Но мне непонятно, и об этом хочется сказать, что чеховский профессор Николай Степанович из «Скучной истории» имел в виду под «общей идеей», отсутствие которой в себе он болезненно заметил под конец жизни. «Каждое чувство и каждая мысль живут во мне особняком, и во всех моих суждениях о науке, театре, литературе, учениках и во всех картинках, которые рисует мое воображение, даже самый искусный аналитик не найдет того, что называется общей идеей или богом живого человека». Что это за идея? Не марксистская же философия, в самом деле! Но и не религиозная идея — она давно покинула Николая Степановича, ученого медика. Он любил науку и отдавал ей все силы души. Разве этого недостаточно? И разве чувство разочарования под конец долгой жизни, в старости, не естественно, не задумано самой природой? Когда Катя, плача и протягивая к нему руки, просит научить ее, как ей жить, Николай Степанович признаётся: «По совести, Катя, не знаю». Надо, видимо, любить жизнь во всей ее неразберихе, пока она позволяет тебе это.

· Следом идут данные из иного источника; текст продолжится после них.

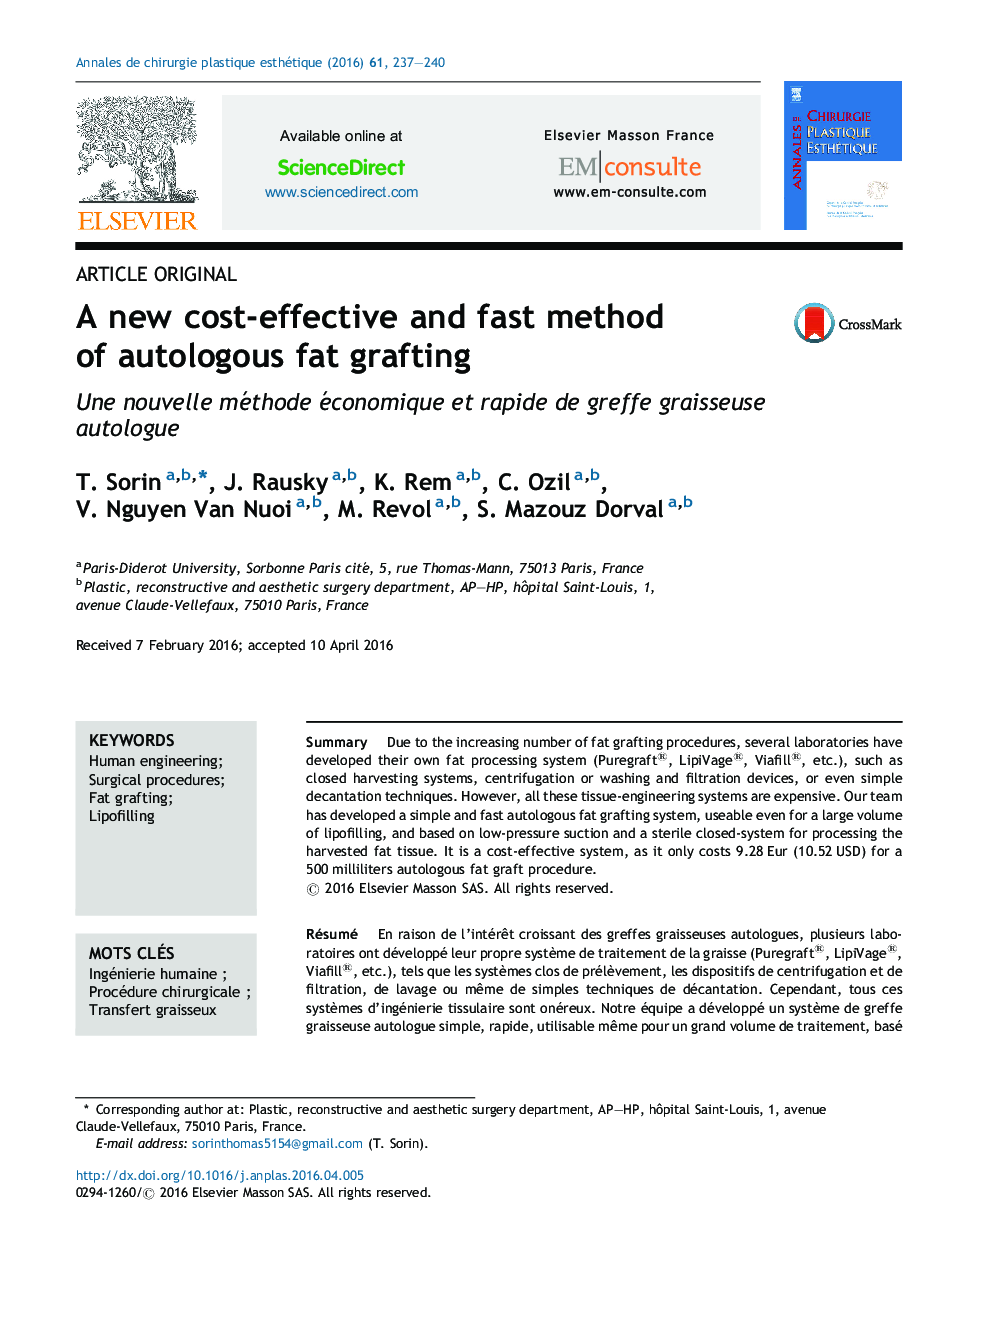 A new cost-effective and fast method of autologous fat grafting
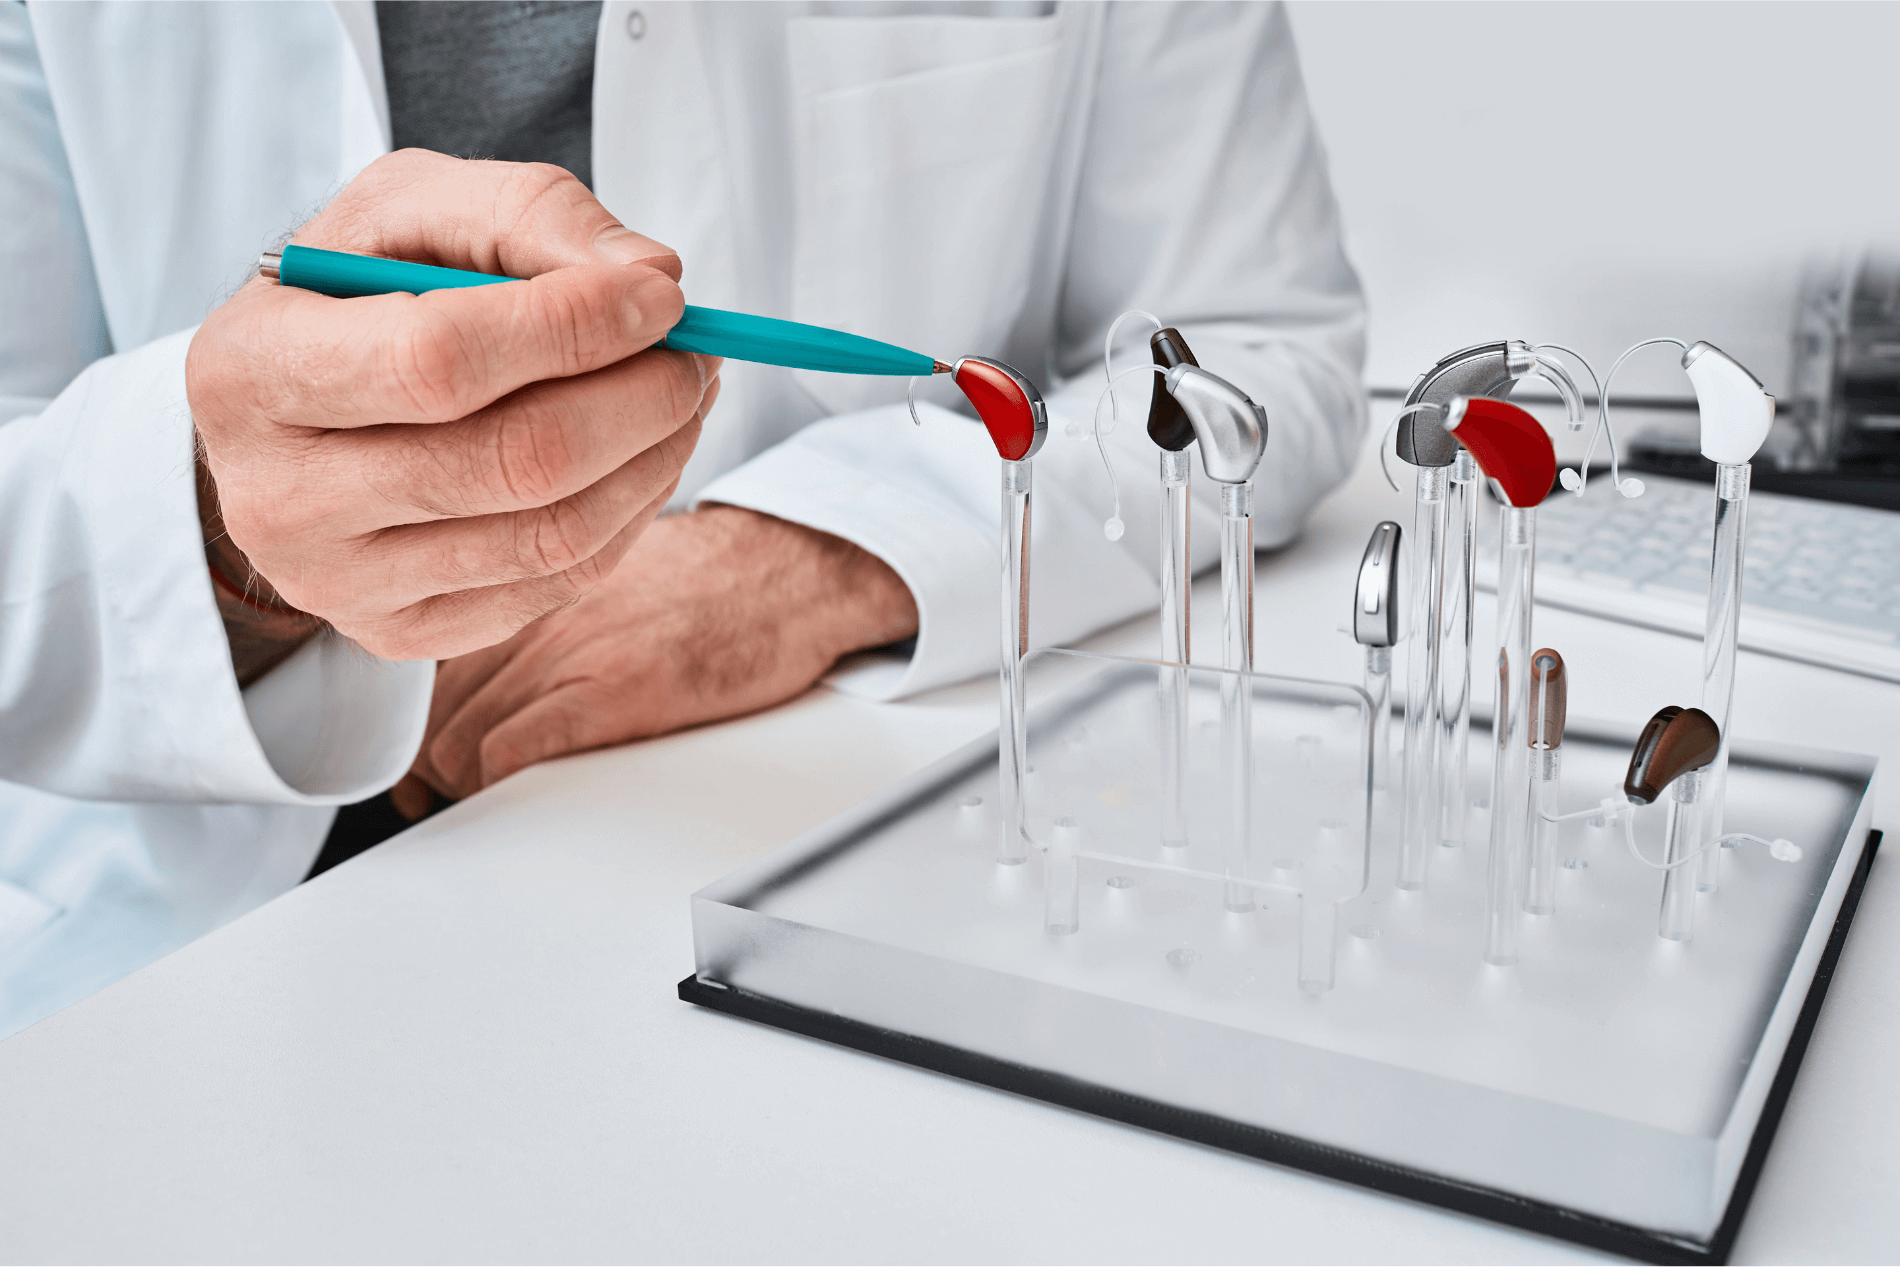 Accessorizing and Customizing Your Hearing Aids

Подозреваю, что, приди к Чехову современная юная Катя с вопросом: «Что такое жизнь? Как мне жить?», он ответил бы так же: «По совести, Катя, не знаю».
Между тем Чехов обладал очень твердыми мнениями и суждениями. У Толстого, скажем, были свои представления и причуды, которые не всякий человек может разделить. А Чехов — это какой-то идеальный ум, можно сказать, эталон ума. И он не только художник, Чехов — такое же духовное явление, как Толстой, причем явление, оппонирующее Толстому. Если Толстой настойчиво призывал к совести, нетерпимо и властно-требовательно относясь к людям, то Чехов тихим и ровным голосом, но страстно-отзывчиво и терпеливо настаивал на смиренном приятии мира и в этом смысле был большим христианином, чем верующий Толстой. Не будучи «властителем дум», он владел не менее твердой противоположной установкой.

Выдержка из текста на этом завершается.